Dissenting Opinion by Judge Colins:

I must respectfully dissent. I do not believe that petitioner's behavior here characterized by the majority as "at least a shortcoming, for which she has not shown good cause," is enough to constitute fault as intended by Section 3.

Ms. Jones had completed two of the three courses required in order for her to receive a permanent certification.

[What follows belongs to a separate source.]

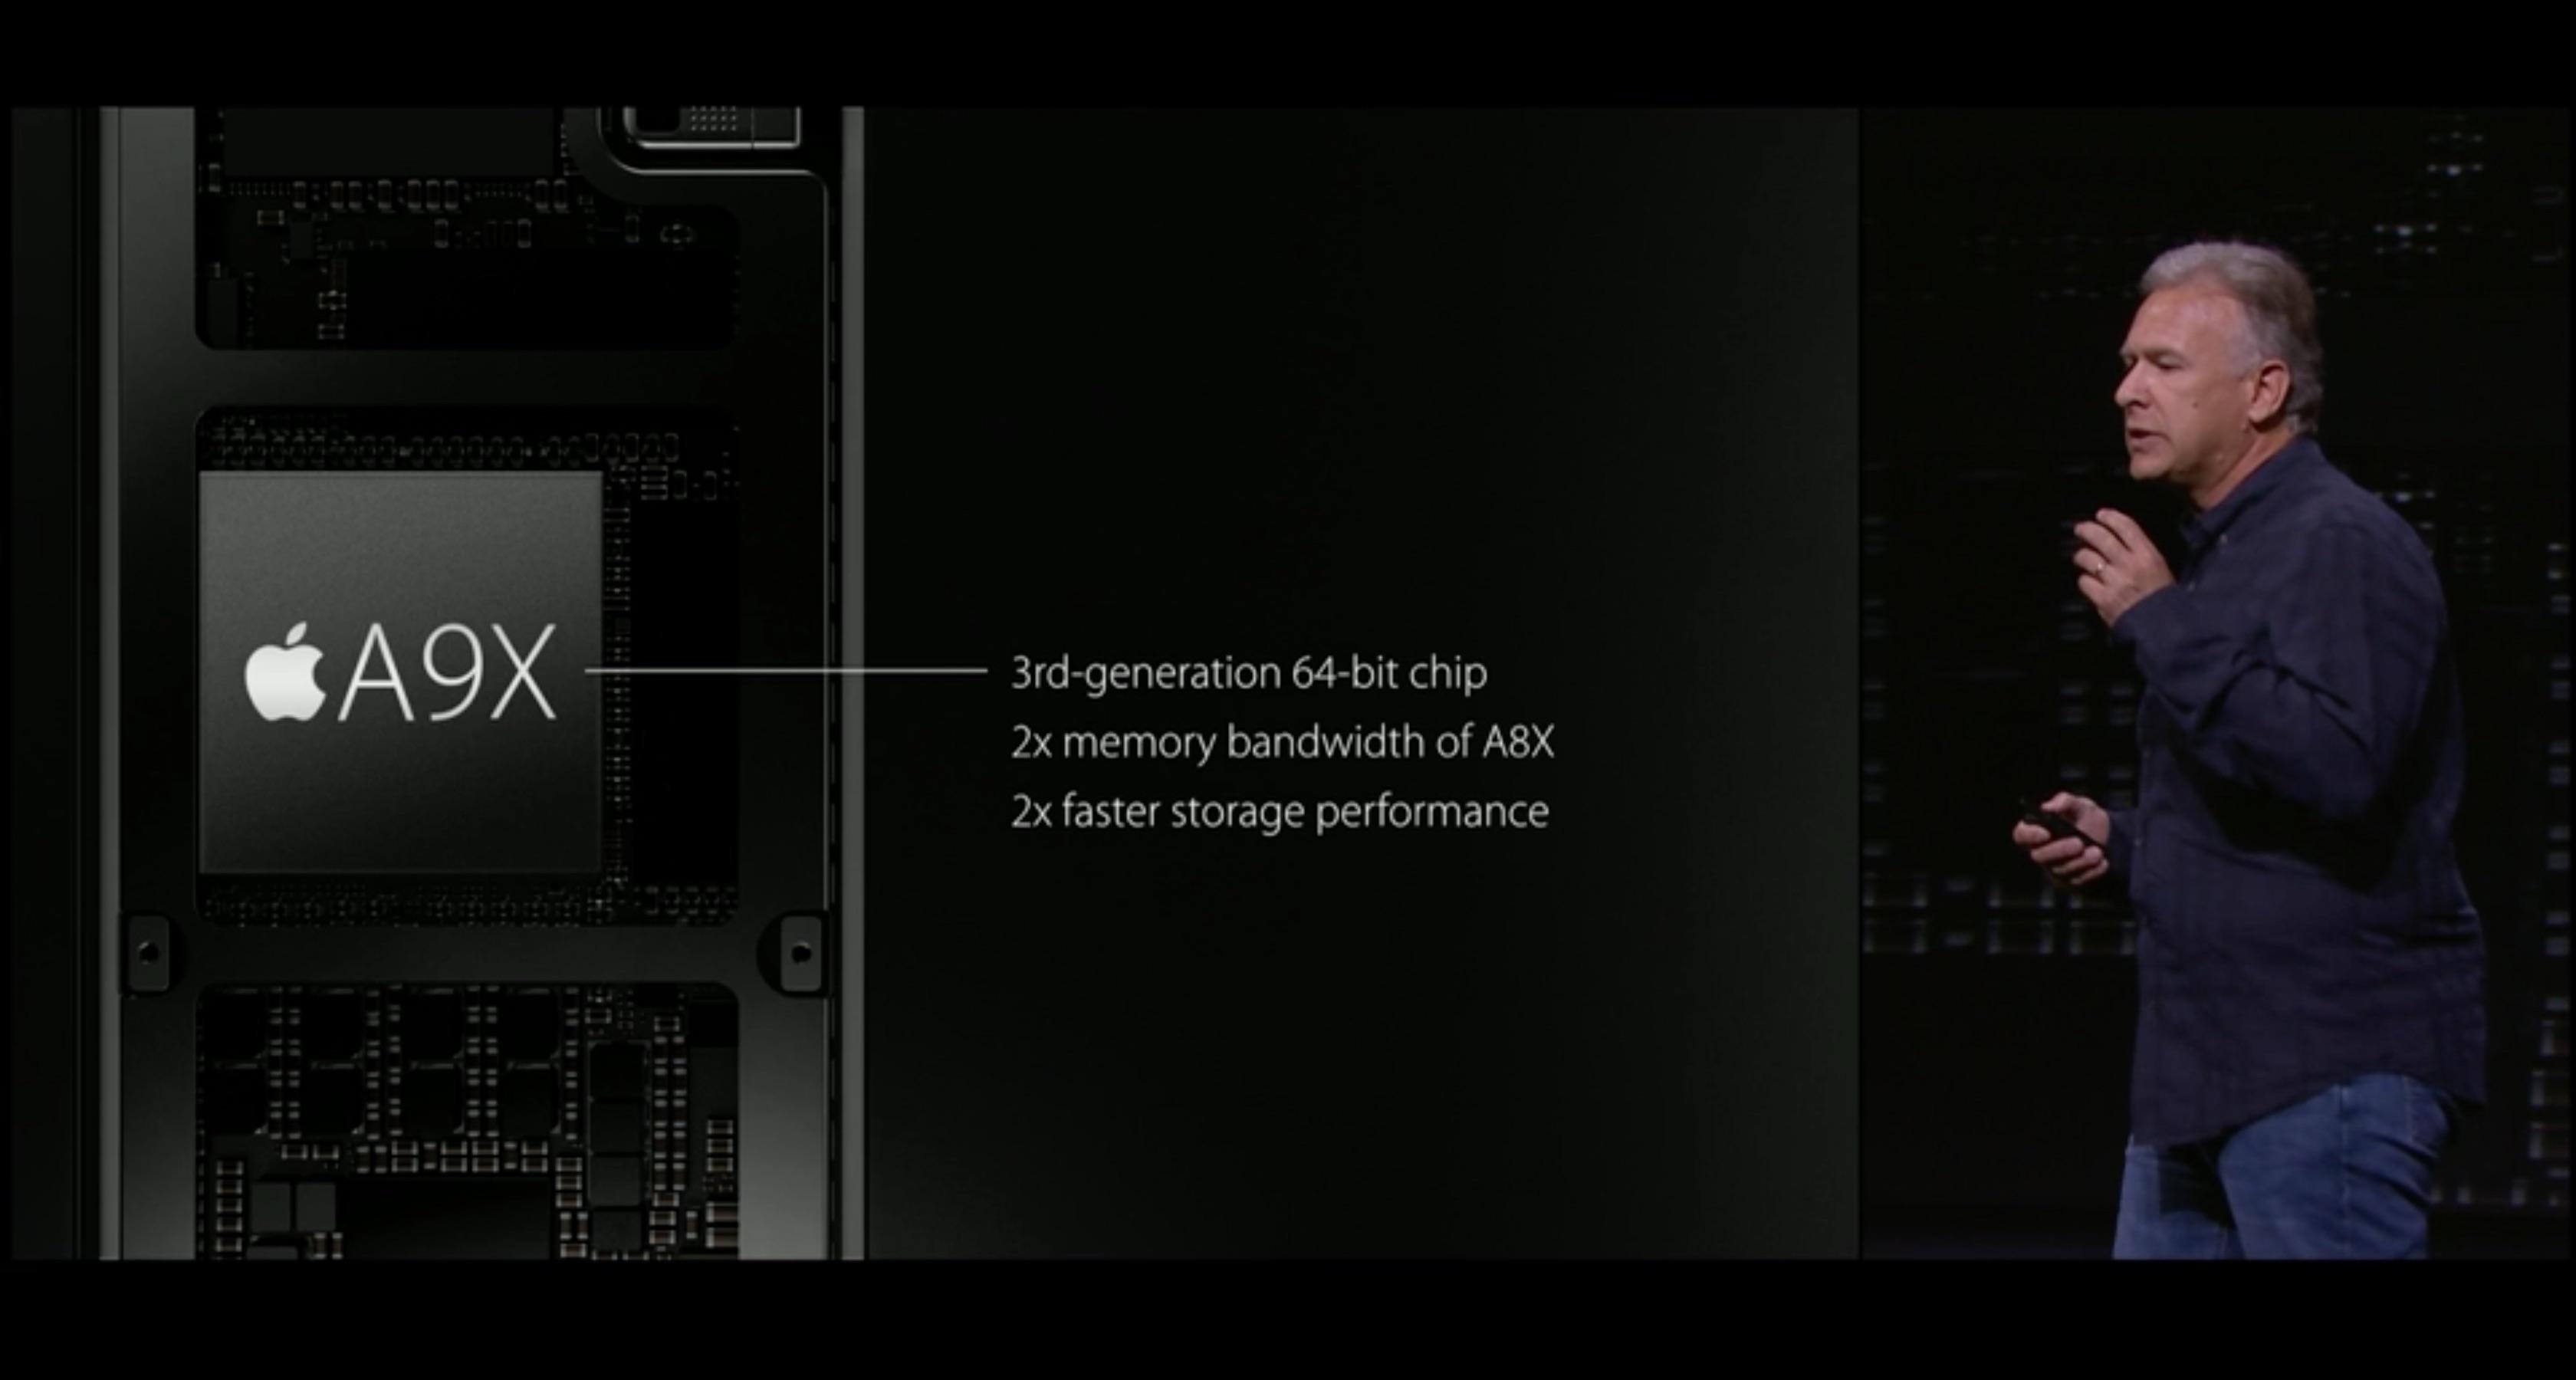 iPad Pro A9x
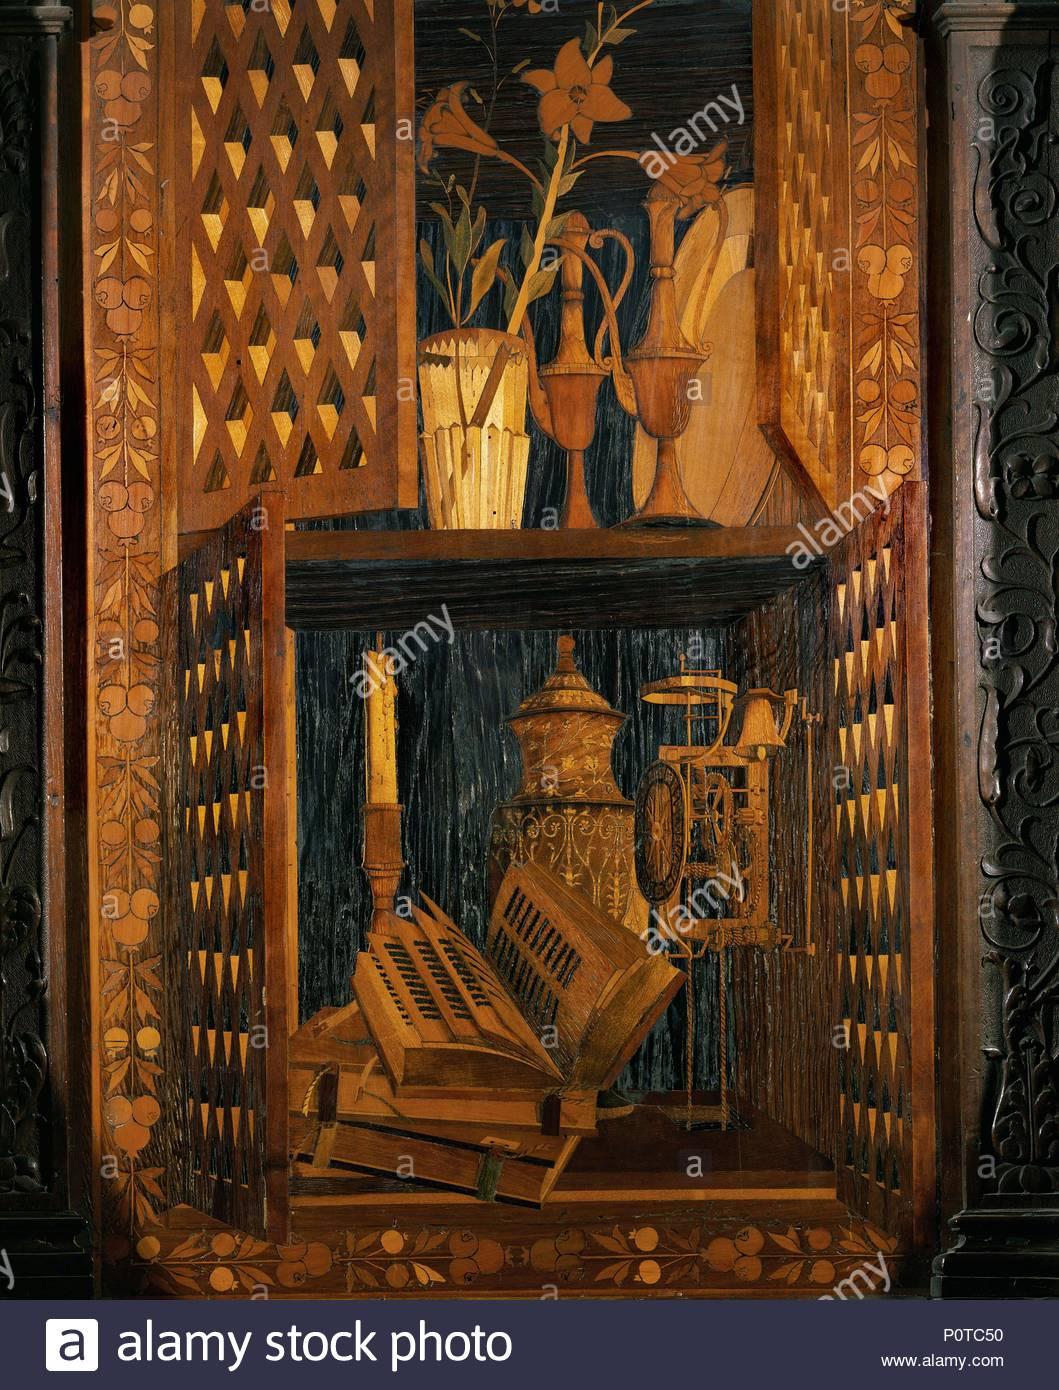 Los libros y los cristales en un armario. Incrustaciones de madera de la sillería del coro (1499) . Autor: FRA GIOVANNI DA VERONA. Lugar: Iglesia de Santa Maria in Organo, Verona, Italia. Imagen De Stock

She had enrolled in the third course but had not completed it by February 1982. She had been led to believe that she could obtain a reissued Emergency Certificate if she had begun the final course by the beginning of the school year. (She did complete the course by April 2, 1982).

Our Supreme Court, in Penn Hills School District v. Unemployment Compensation Board of Review, 496 Pa. 620, 625, 437 A.2d 1213, 1215 (1981), clearly required that "an unemployed worker can be denied benefits only by explicit language in the Act, which clearly and plainly excludes that worker from its coverage." (Emphasis in original.)

Petitioner's failure to gain certification is not specifically enumerated in any section of the Act, nor is it alleged to be willful misconduct. In view of the ameliorative intent of the Act, I believe that petitioner's

[ 86 Pa. Commw. Page 410]

    inaction does not constitute fault within Section 3, and does not fit within any of the enumerated exclusions of the Act. Therefore, she should be allowed to receive benefits.